(Beginning of Recorded information)

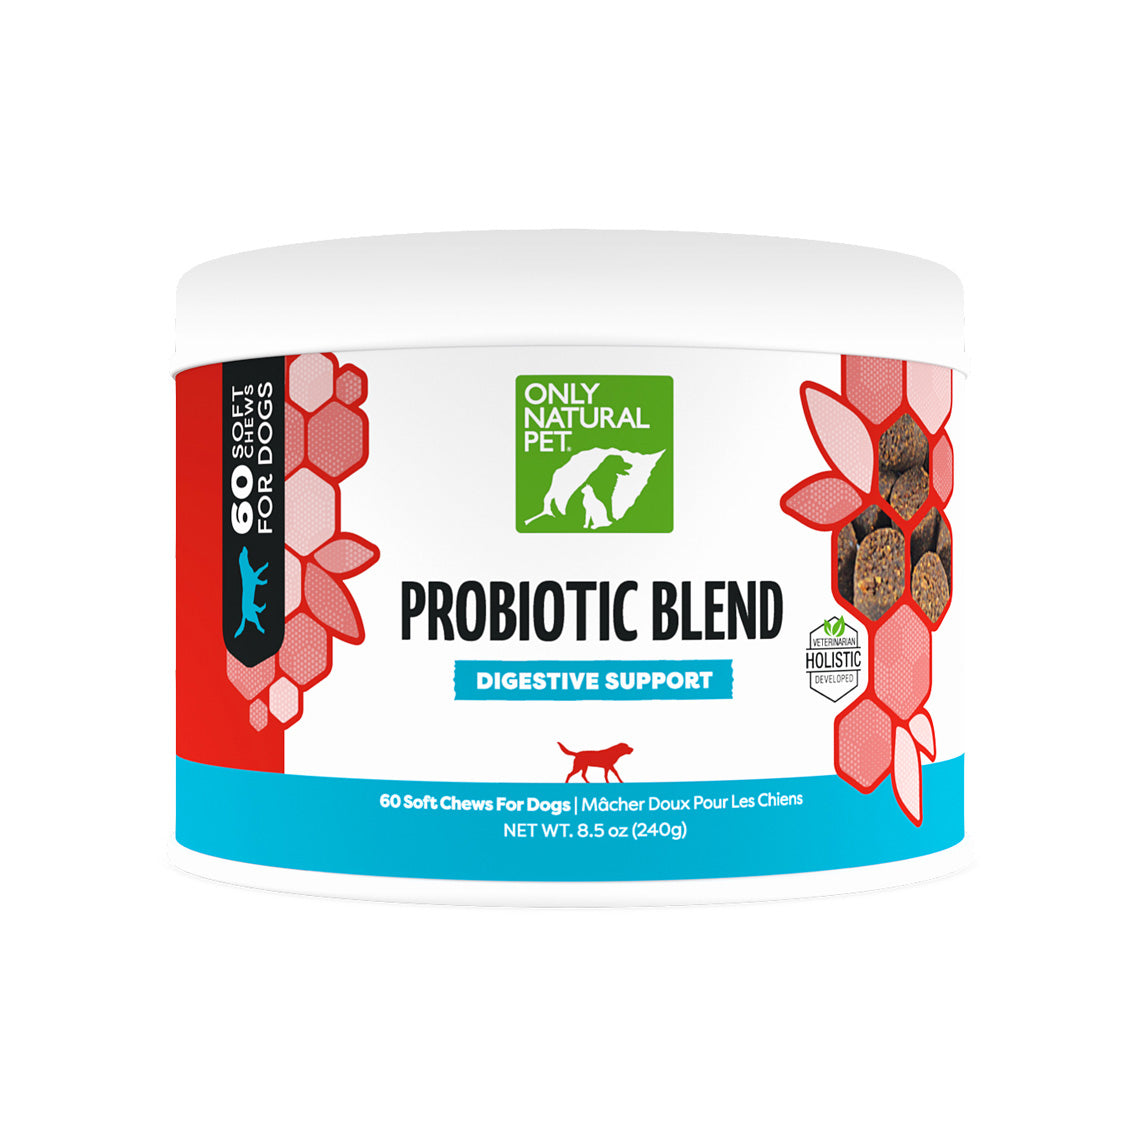 Probiotic Blend Natural Probiotics Only Pet
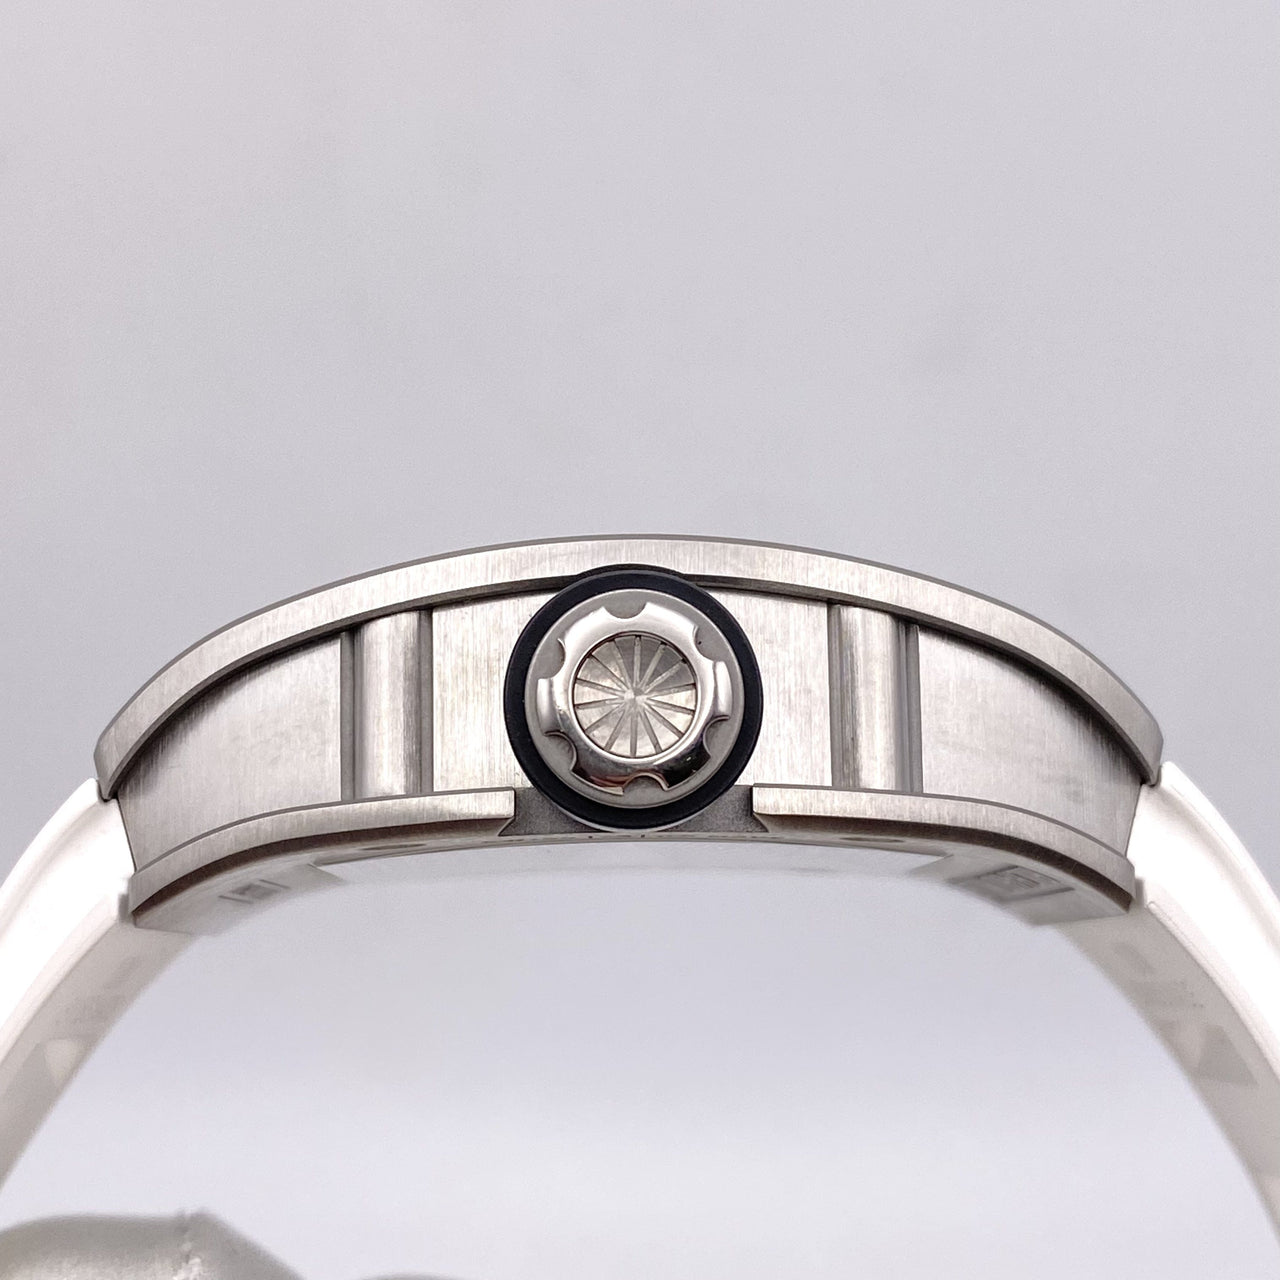 Luxury Watch Richard Mille Titanium Oversized Date RM029 Wrist Aficionado
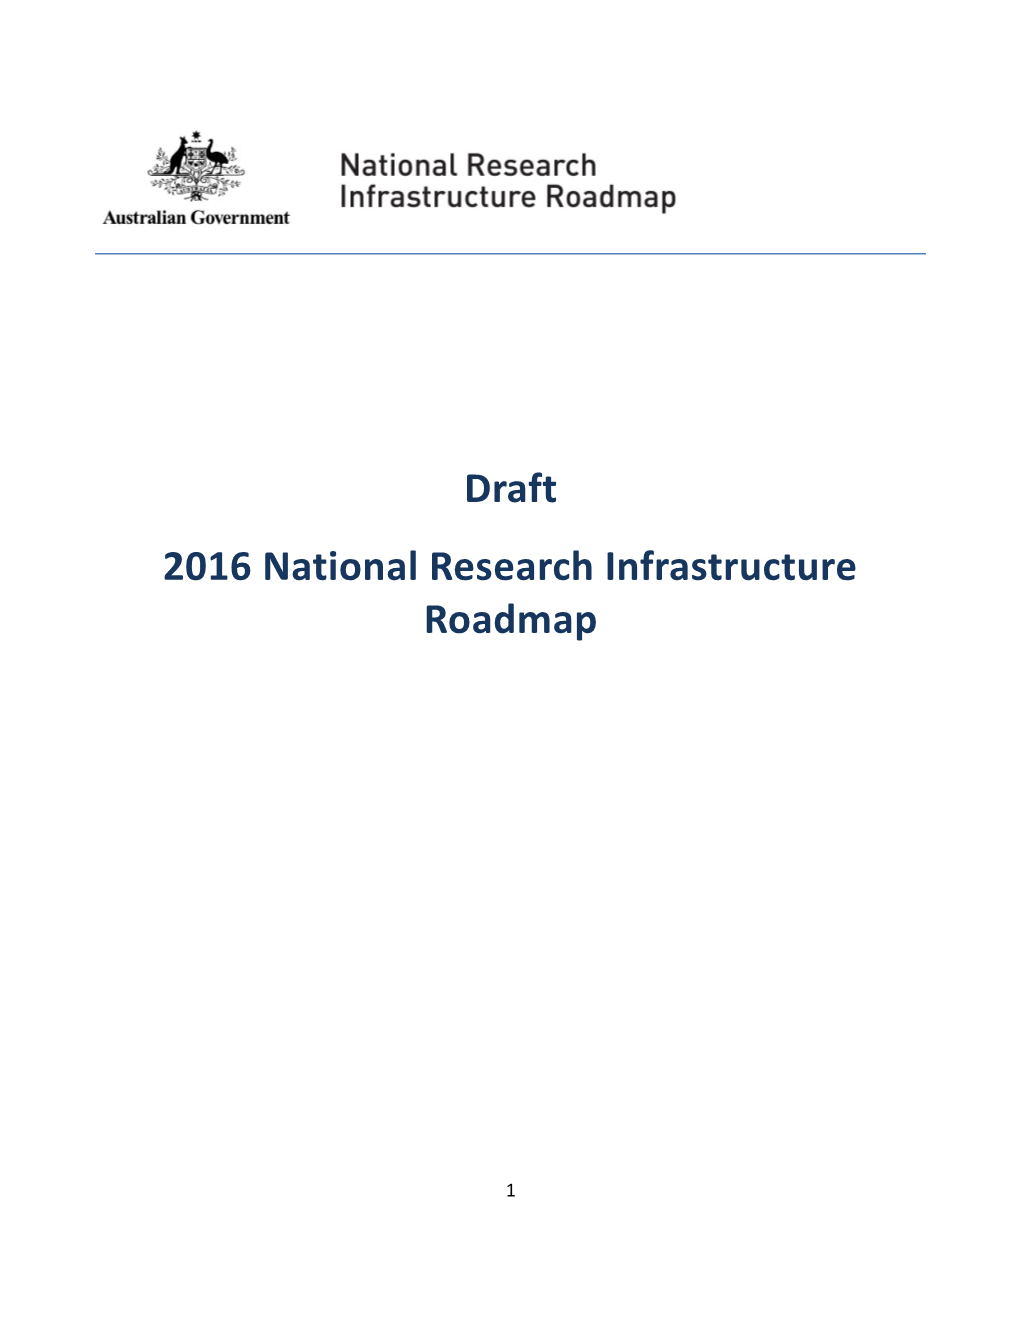 2016 National Research Infrastructureroadmap

(End of Recorded information)

Requirement
Everything from the line that contains "Luxury Watch Richard" through the final line of the material should be returned exactly, except the pictures.

Written answer
 Luxury Watch Richard Mille Titanium Oversized Date RM029 Wrist Aficionado
 2016 National Research Infrastructureroadmap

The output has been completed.